Monday, April 15, 2013

"We Are The Revolution": Get to the Backdoor Playhouse for Marat/Sade (but please don't sit in the front row)





The spring production this year at Tennessee Tech’s Backdoor Playhouse under the direction of Mark Harry Creter leans towards the loony agitprop of the avant-garde. Creter seems to have devised a rotation, alternating classic, cheesy, crowd-pleasers with dark, message-oriented downers that really let the fringe-flag fly!

This year the pendulum swung too far into the perverse and absurdist territory, as though the ghosts of modernism have crawled from the 20th century into our postmodern present to push all our buttons and bomb our comfort zones. 

They’re doing Marat/Sade by Peter Weiss (it has a longer, wordy, more pretentious title, too), and both metaphorically, suggestively, and somehow literally, the lunatics appear to be running the asylum. It's no accident that Technical Director Colin Forsyth put a cage around the stage. Things are just that weird. 

Taking place inside an asylum, accentuated by the metal bars that separate the cast from the crowd, this play attacks the senses from start to finish. In the minutes building up to curtain time, inmates appear to lounge and fidget on the stage while some ambient Sigur Ros pipes through the theater speakers. A foreboding door at the back of the stage must open to let the rest of the cast in, making an obnoxious cranky sound.

About this time, you’re wondering why you’ve wasted 2 hours of your time and perhaps twelve dollars, too. For the rest of the night, you’ll be verbally assaulted by local acting sensations Andy Davis, David Davidson, and Josh Rapp. Only the younger Rapp (as The Herald) is fully-dressed, looking like someone who has spent too much time watching Moonrise Kingdom or Time Bandits.  

Davis as Jean Paul Marat and Davidson as the Marquis de Sade duel half-naked,  hurling rhetorical barbs and verbal violence that unpack the true meanings and social criticisms of the play. Both are such fiercely capable actors and deeply creative individuals that you can really feel them indulge themselves and us with these roles, even as you wish they were a little more covered up.

There’s absolutely nothing respectable and plenty offensive and off-putting about the script. The cast’s delivery of the questionable material contains some comic relief, more than welcome given the generally chaotic macabre of the whole miserable vibe.

Frightfully, the play’s message gets to you despite yourself. You get swept-up in the 19th century rhetoric about the benefits of revolution and a questioning of religion. We somehow manage to see our contemporary world through the lunatic lens of this text and begin to question everything. 

Is our everyday decency a mere façade to paste over our indecent urge to conform, submit, and generally abide by all external authority, no matter how unfair and fatuous that authority might be? Are the people in prison actually freer than those of us who walk around dutifully in the pseudo-freedom of middle-class acquiescence?

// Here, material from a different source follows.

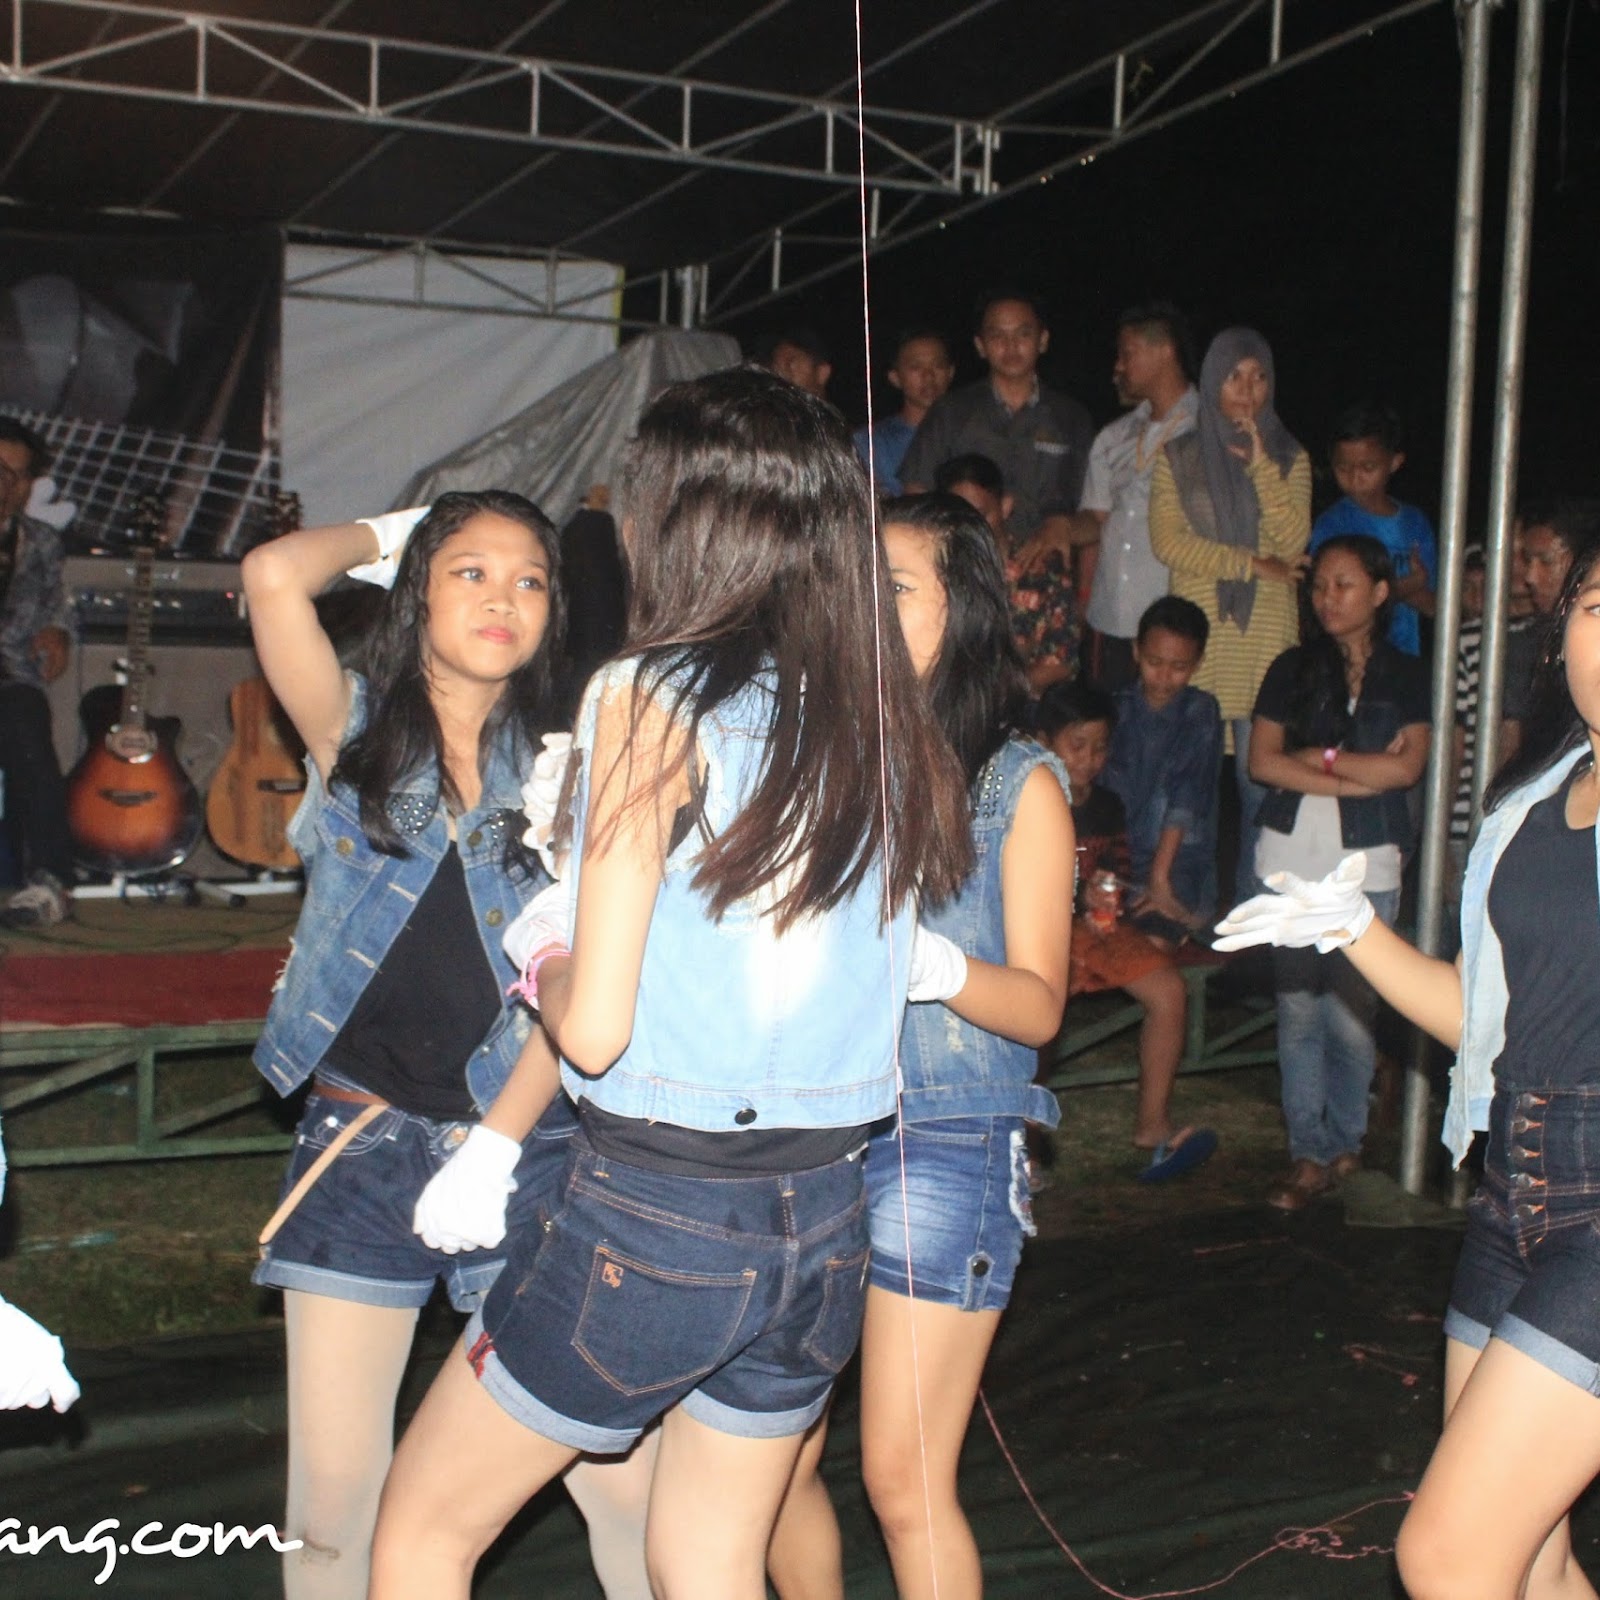 The Five Dance In Action at Kedai Ceria Kota Serang

This play doesn’t fit conservative little Cookeville, which is of course why Cookeville needs this play. Creter’s visionary direction of the Playhouse continues to take us where we don’t want to go, yet once we are there, we’ll thank him for pushing us over the edge. The layers of meaning in Marat/Sade are multifaceted, but they return us again and again to some harsh realizations and heady revelations.

At the core of these swirling interpretations is the sobering but obvious observation that the prevailing social-order shows the real sickness and insanity of our world. The so-called pragmatic reality, the gross inequality of haves versus have-nots, of “power-over” others, of financial and military corruption—you know, the usual order of things—all these factors remain so outrageous that we ignore them, even though we see injustice all around.

But not everybody goes along meekly. People today in social movements describe a reality that some characters in this play suggest, where the only solution is a revolution, and as one of the members of asylum-cast declares, “We are the revolution.” We need not agree with the playwright or the characters about the exact details of such a possible (or impossible) revolution, but any person who is prescient to present reality can acknowledge the root causes of why people still call for one.

You can see Marat/Sade every day this week except for Wednesday; Thursday night is the late show. Saturday also includes a matinee. 


The Persecution and Assassination of Jean-Paul Marat as Performed by the Inmates of the Asylum of Charenton 
under the Direction of The Marquis de Sade.


A play by Peter Weiss

Directed by Mark Harry Creter

April 11, 12, 13, 15, 16, 19, 20, 2013 at 8:00 p.m. April 18, 2011 at 10:00 p.m. and April 20, 2013 at 2:00 p.m.

Tickets are $12 general admission, $10 senior citizens and $5 for non-Tech students. Tech students are FREE with their ID.